▶ _EXERCISE OBJECTIVE_
Only the pictures are dropped. Restate each line below word for word.

▶ _DATA SECTION_
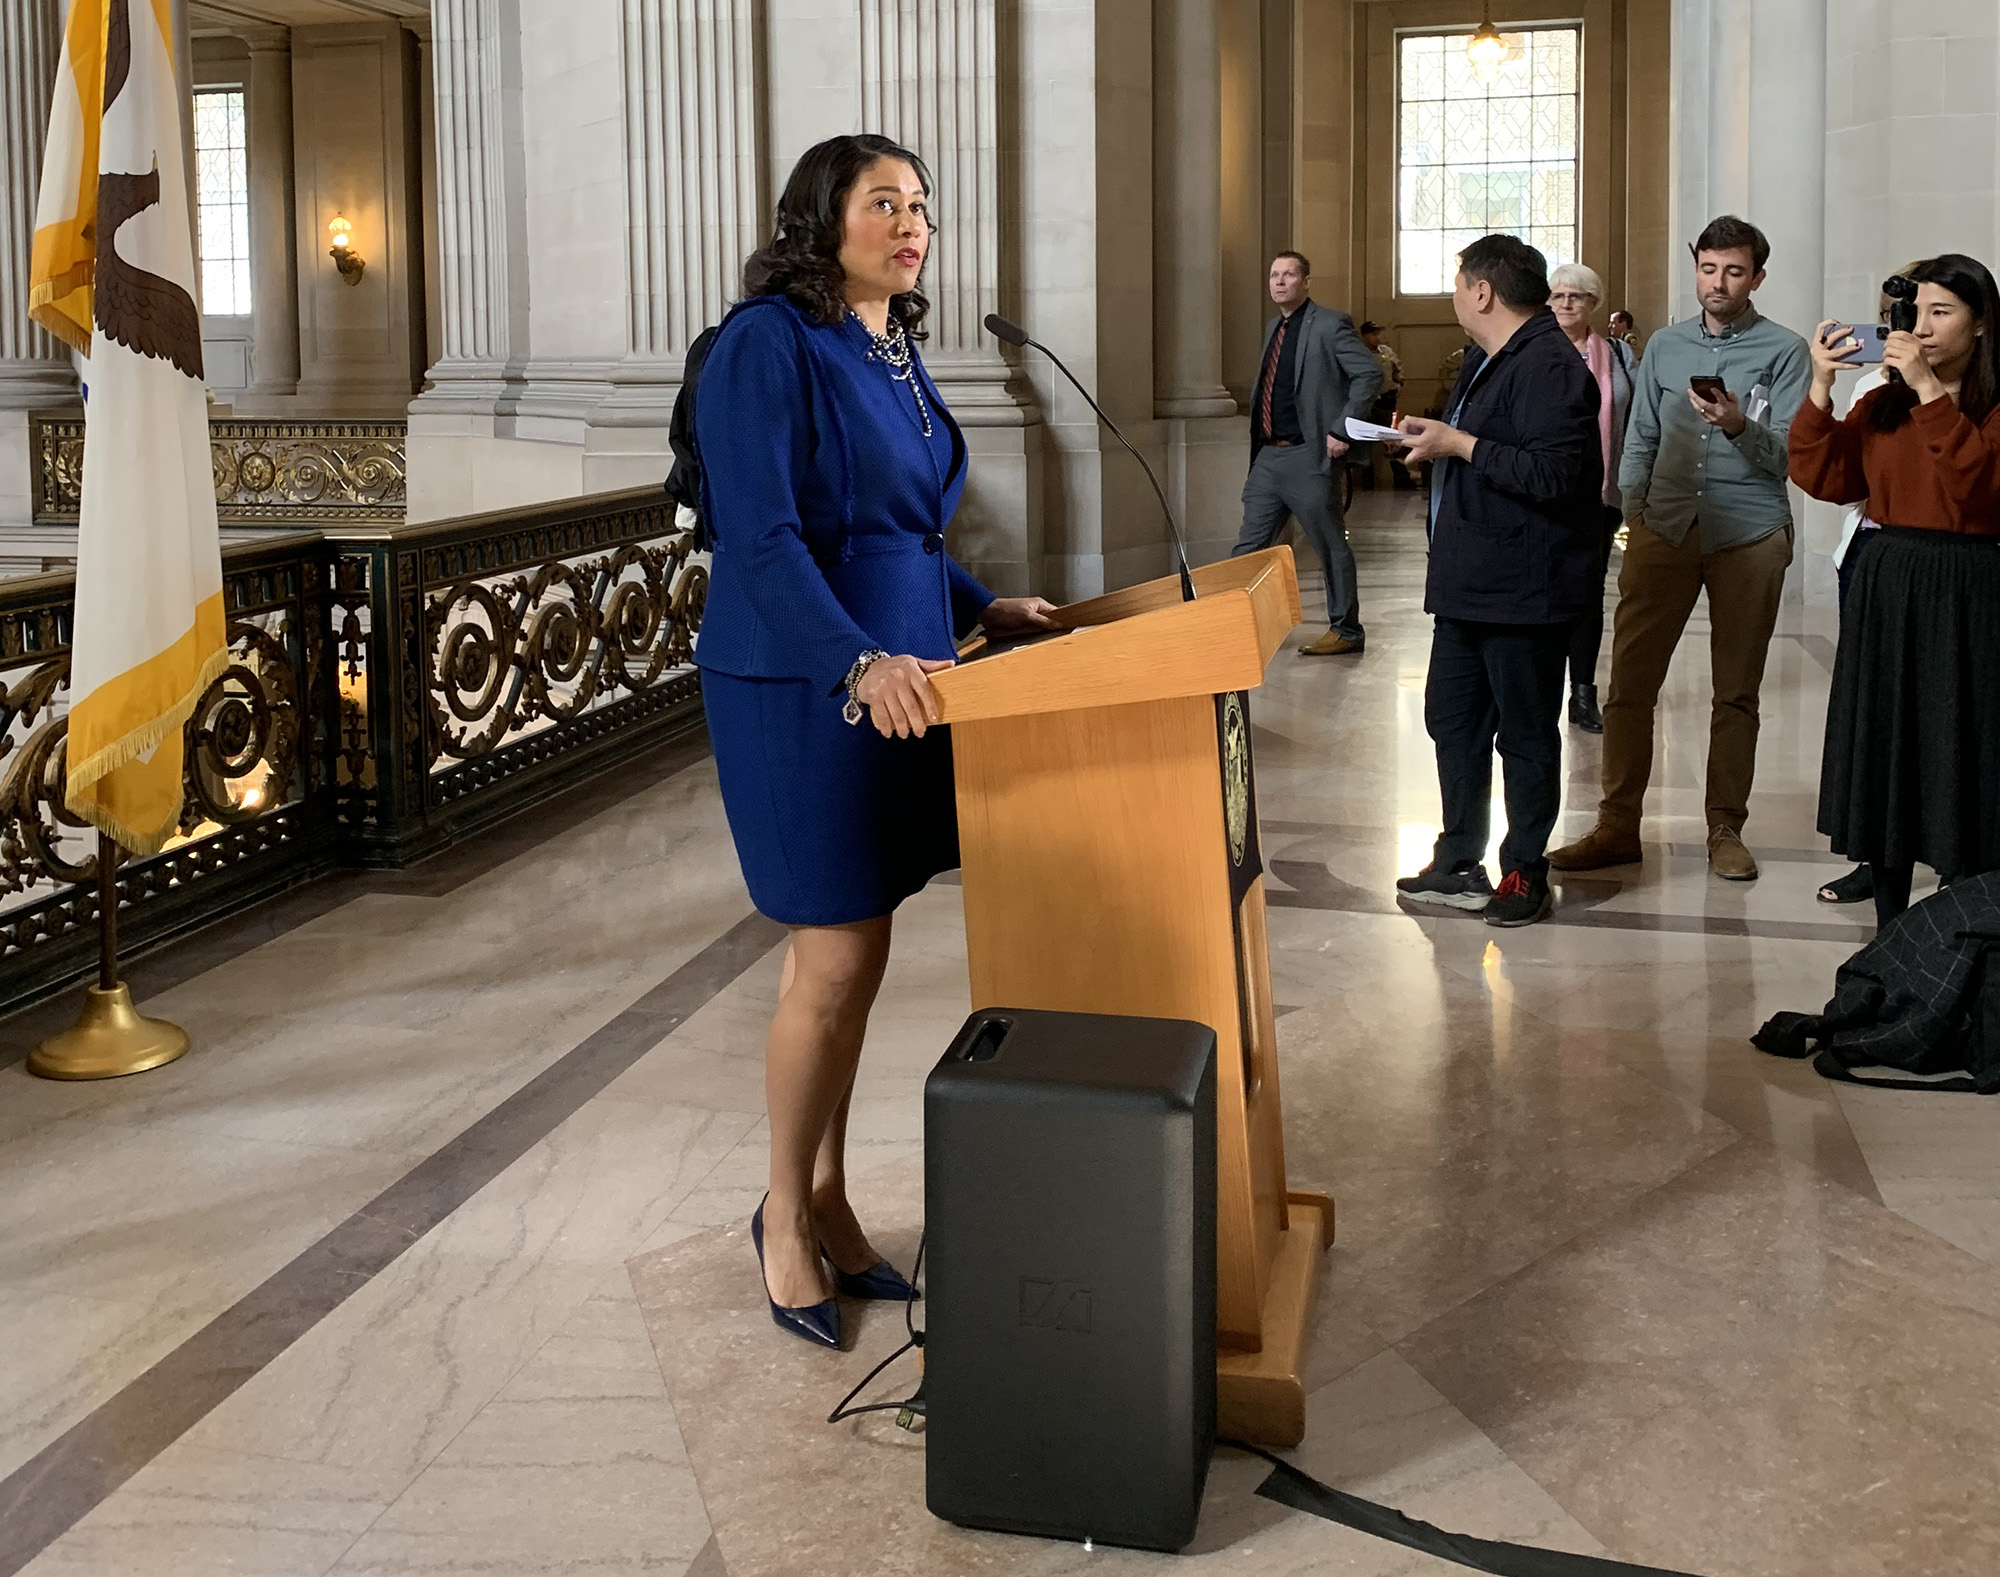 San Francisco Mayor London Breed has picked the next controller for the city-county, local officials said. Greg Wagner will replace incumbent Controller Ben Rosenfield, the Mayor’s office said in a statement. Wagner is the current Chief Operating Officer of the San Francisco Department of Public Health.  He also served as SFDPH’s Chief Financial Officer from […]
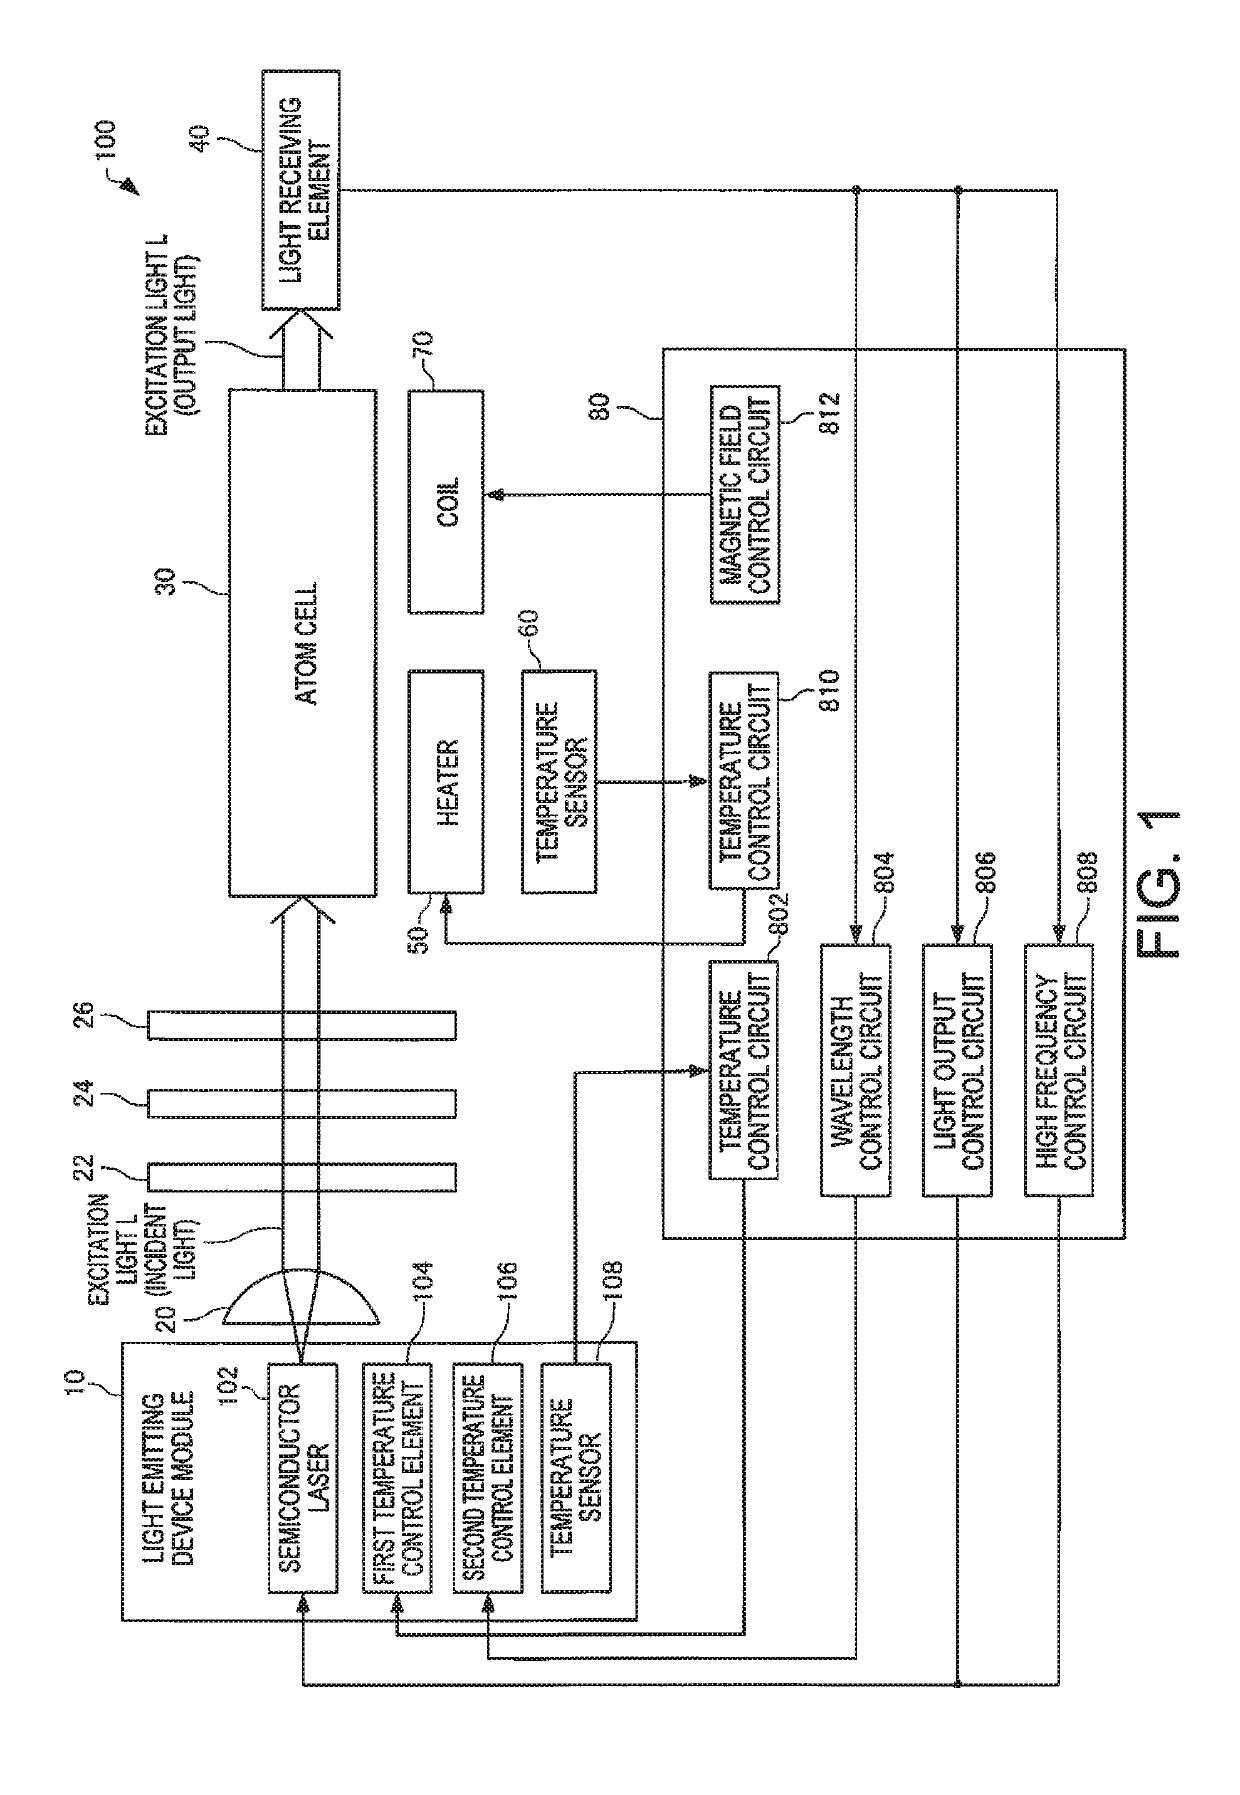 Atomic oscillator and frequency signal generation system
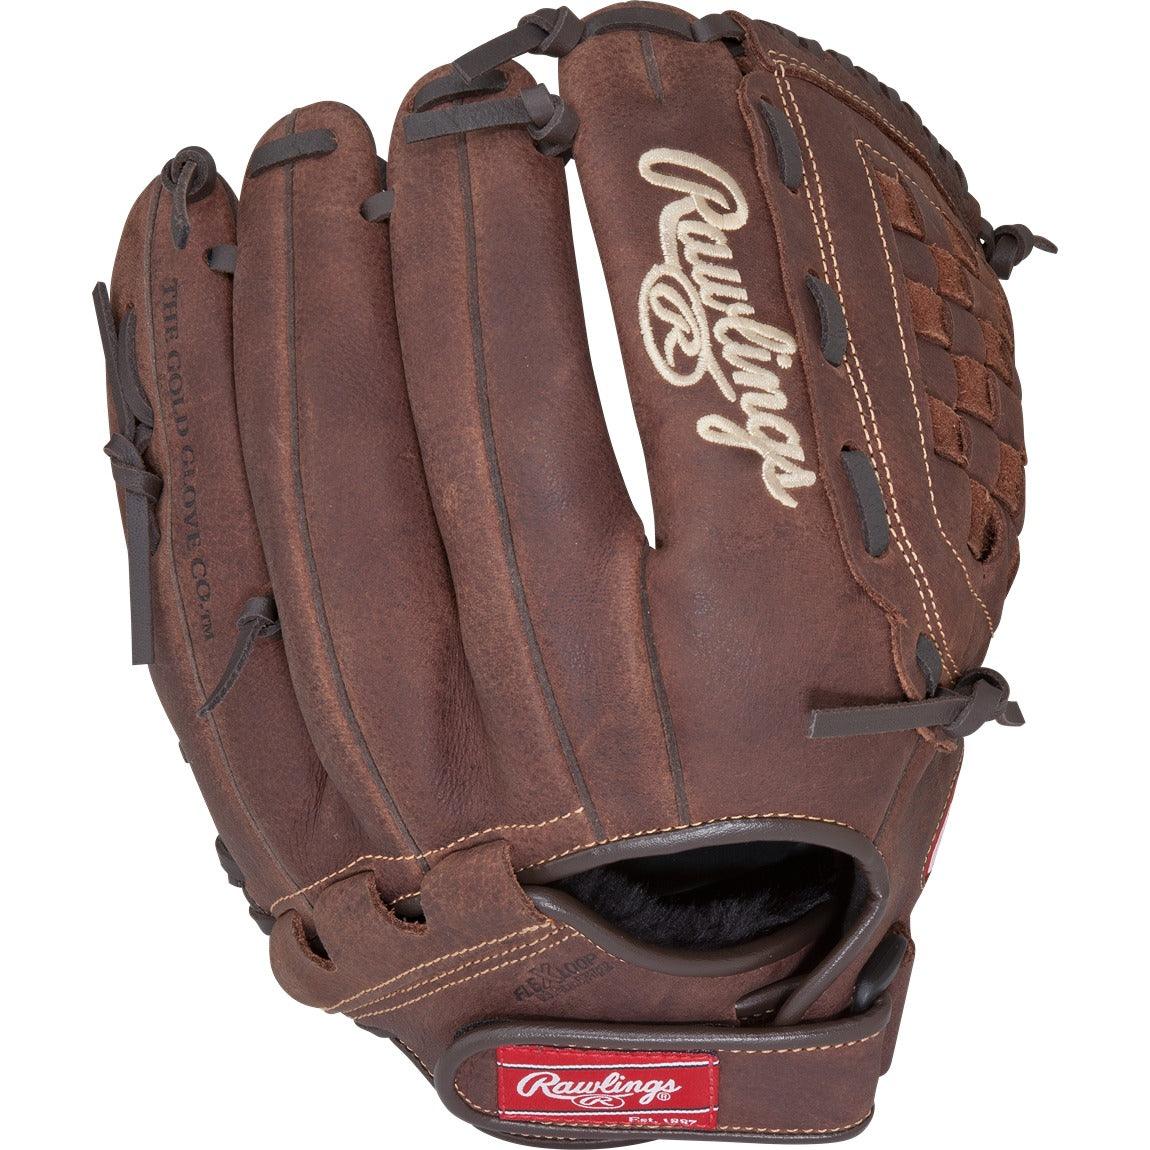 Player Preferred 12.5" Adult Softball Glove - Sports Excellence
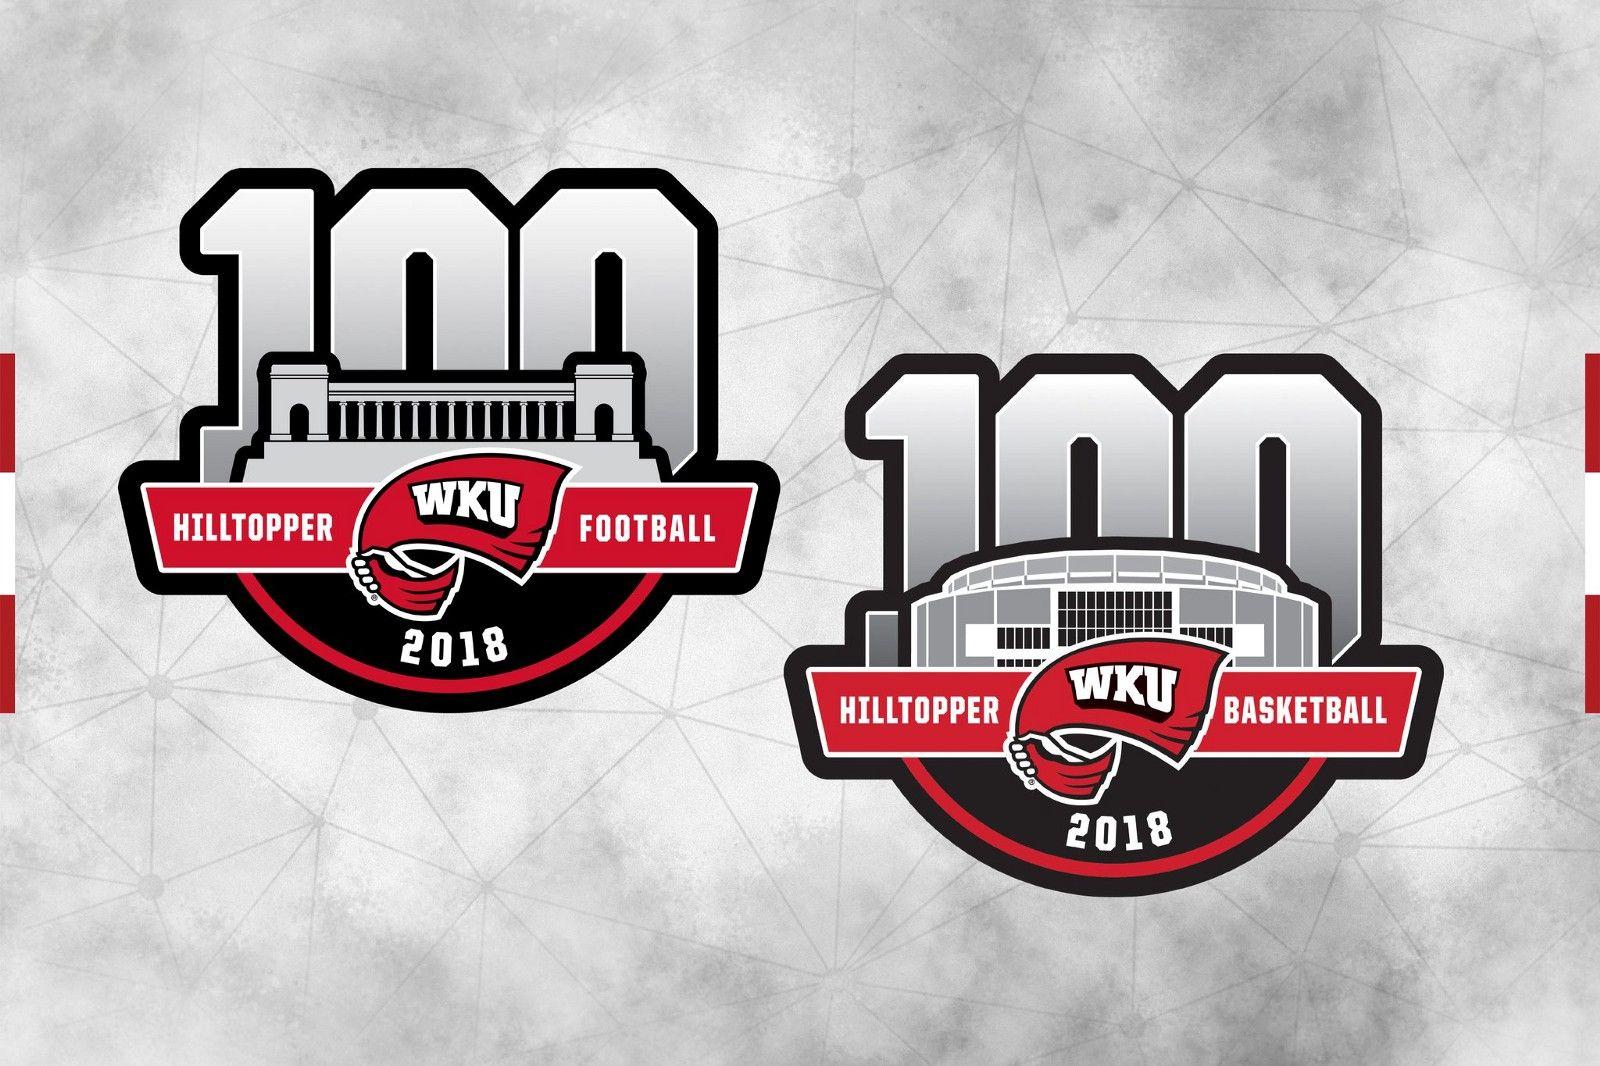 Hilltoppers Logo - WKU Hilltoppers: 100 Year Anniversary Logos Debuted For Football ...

▶ _RESULT OF THIS TASK_
 San Francisco Mayor London Breed has picked the next controller for the city-county, local officials said. Greg Wagner will replace incumbent Controller Ben Rosenfield, the Mayor’s office said in a statement. Wagner is the current Chief Operating Officer of the San Francisco Department of Public Health.  He also served as SFDPH’s Chief Financial Officer from […]
 Atomic oscillator and frequency signal generation system
 Player Preferred 12.5" Adult Softball Glove - Sports Excellence
 Hilltoppers Logo - WKU Hilltoppers: 100 Year Anniversary Logos Debuted For Football ...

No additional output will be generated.